In Vida I play a character called Nico who comes from New York and meets Mishel Prada’s character at a wedding. She’s worked before as a bartender and a bar consultant in New York, so Emma’s like, “Well, why don’t you come check out the bar (which they’ve renamed Vida) and see what you think of the place?” They form a relationship around the bar and the changes they’re seeing around the neighborhood surrounding the bar’s development specifically. And then they have a little romantic will-they-won’t-they thing going on. But I think that the service of Nico and her character is to help Emma accept who she is and be more herself. And also with Lyn [Melissa Barrera], who she’ll also push towards greater self acceptance.

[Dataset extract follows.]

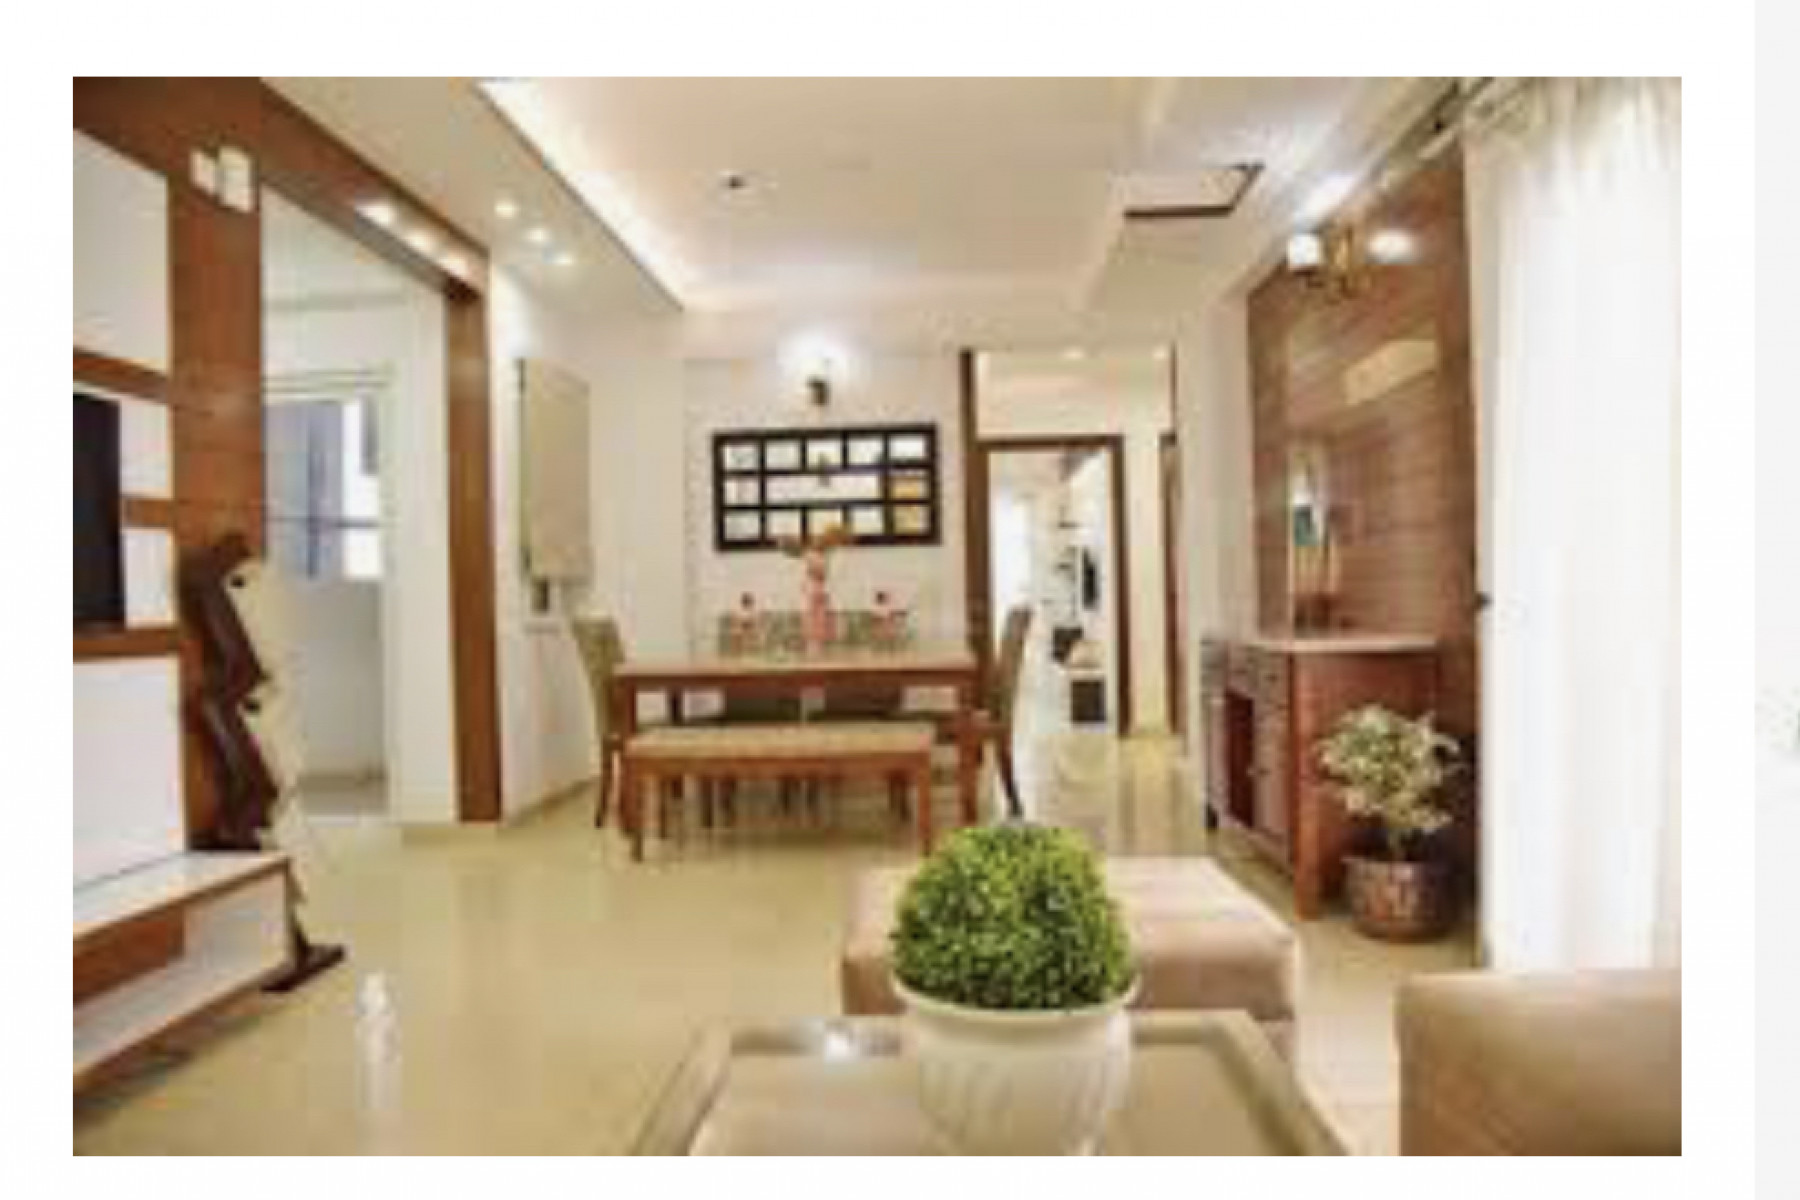 4 bhk Flat for sale in 150 feet ring road rajkot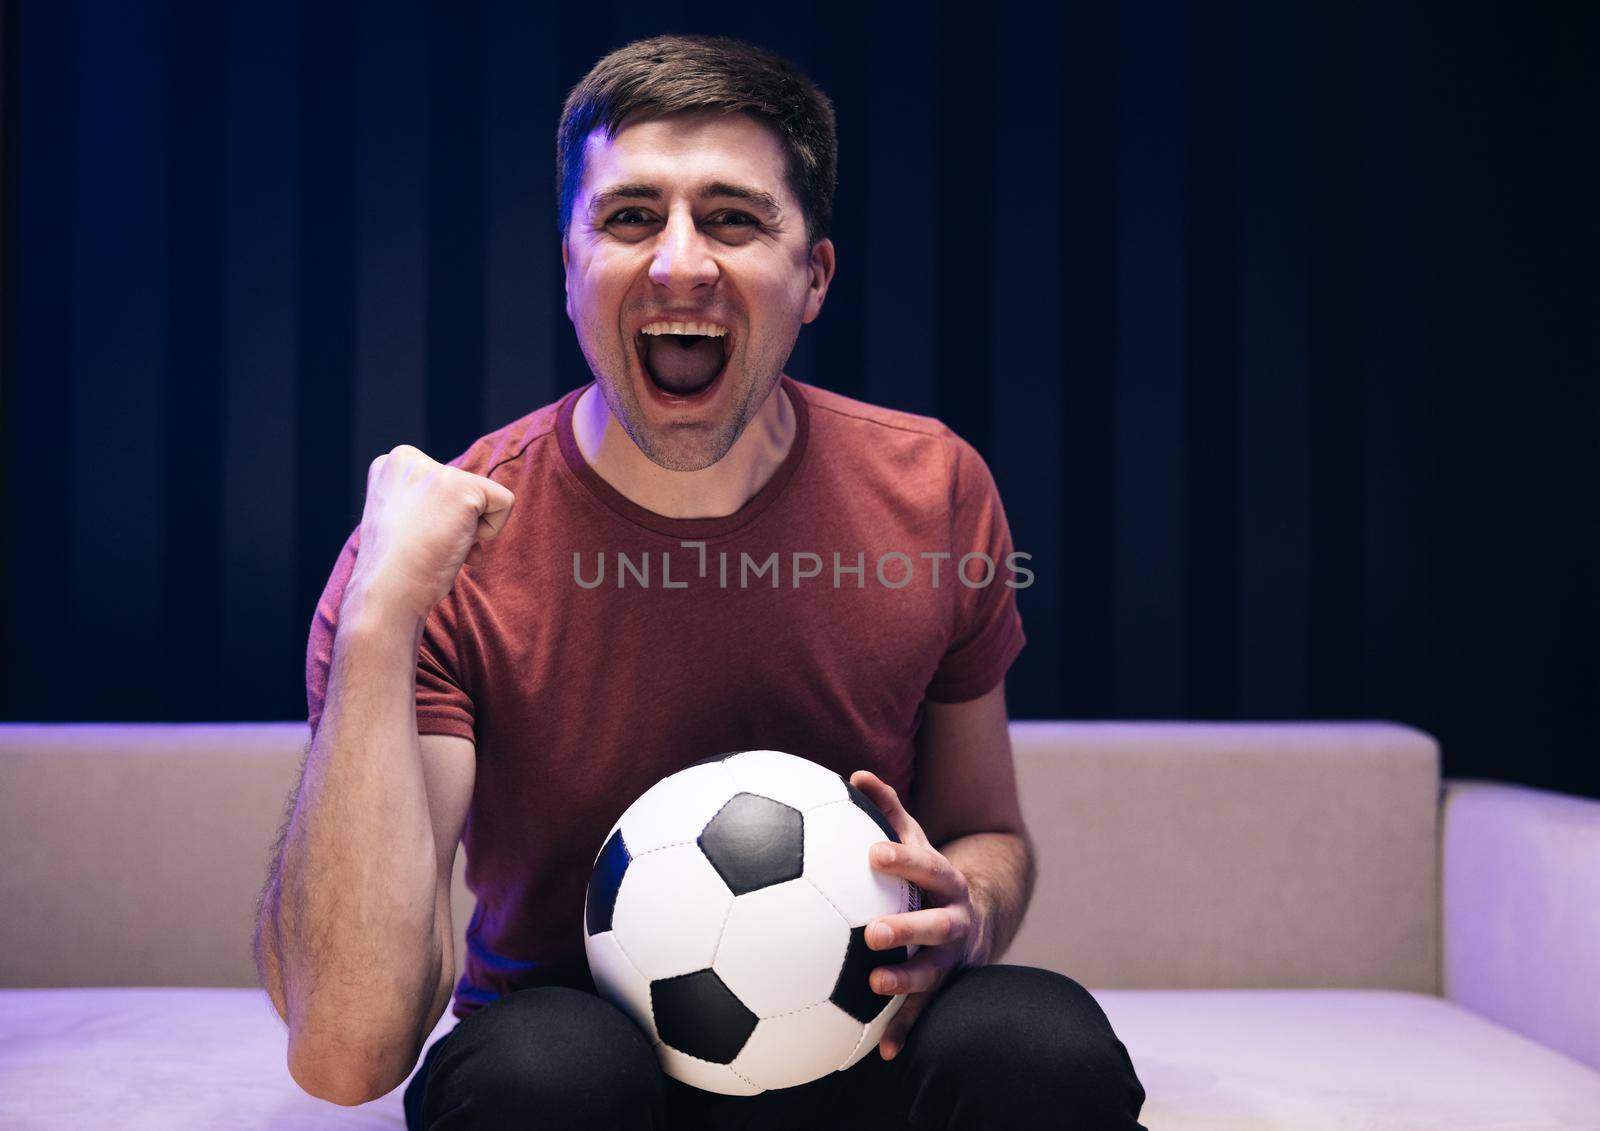 Young fun guy 30s football fan cheer up support favorite team hold soccer in red t-shirt in dark living room. People emotions sport leisure lifestyle concept by uflypro

Oh man! It’s the best. Those people are the best. I’ve had a really fortunate path so far in my career. I’ve never had a shitty experience with anyone on any sets or anything. But even then this one was notably just so fun. You know how Latin people are. Like, “Let’s talk for 30 minutes and then work and then let’s talk for 30 minutes in between takes and then keep working.” It was really fun. A lot of the people have become my closest friends.
The film’s called Tenebris Vulnus,an Anais Blondet movie that’s really outside of the fucking box. It’s a movie about menstruation – a “period” piece – and I’ll play Andina. We’re filming in May [and] we’ll be there for the entire month, which I’m really stoked about. I’m in the phase of my career where I want to start working in Latin America and Anais came out of nowhere saying “Well, have I got a thing for you!”